2509226018736 2509226018736


In [57]:
a = 'hello world'
b = 'hello world'

print(id(a),id(b))

# Here u can see both address are different. Because if space is there between words, then it is not an identifier.

2509252274352 2509252273840


In [58]:
a = 'hello_world'
b = 'hello_world'

print(id(a),id(b))

2509252403760 2509252403760


In [59]:
# To make strings interned we use sys module

import sys

a = sys.intern('hello world')
b = sys.intern('hello world')

print(id(a),id(b))


2509252407088 2509252407088


## Summary

- In Python, variables are just references to the memory addresses where actual data is stored. i.e they are just aliases to memory addresses.

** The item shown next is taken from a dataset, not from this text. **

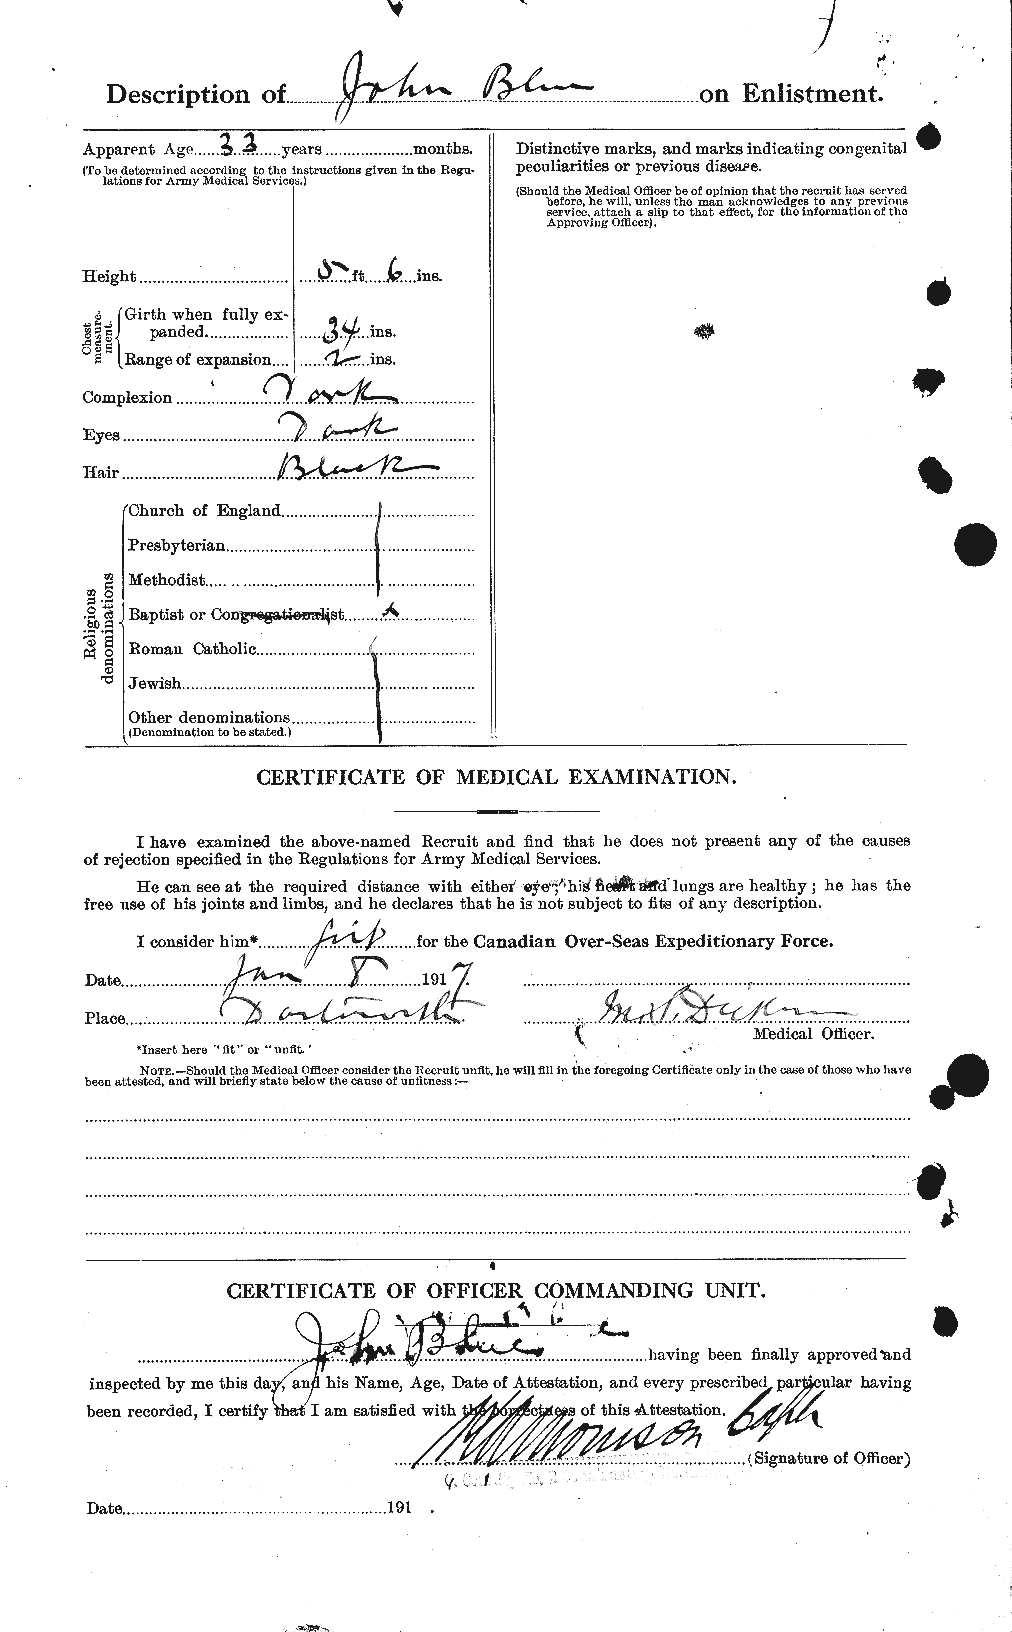 Dossiers du Personnel de la Première Guerre mondiale - CEC 247141b

- Python uses both reference count method and garbage collector to remove the unnecessary objects from te memory. I mean if reference count of any object gets zero then python will free up that memory and may use it for other processes. To get the reference count we use two methods one is `sys.getrefcount()` and another one is `ctypes.c_long.from_address(id(variable)).value`

- Python is dynamically typed language which means python won't force a variable to store only particaular data types. 

- In Python we have two types of objects Mutable and Immutable. Mutable Objects mean we can change the internal state of the object without creating new object. Immutable objects are just opposite to mutable objects.

- In Python, we use `is`(identity) and `==` (equality) operator to check the variable equality. Everything we code in python is an object.

- Python use an optimization technique called interning to effectively use memory and computational resources.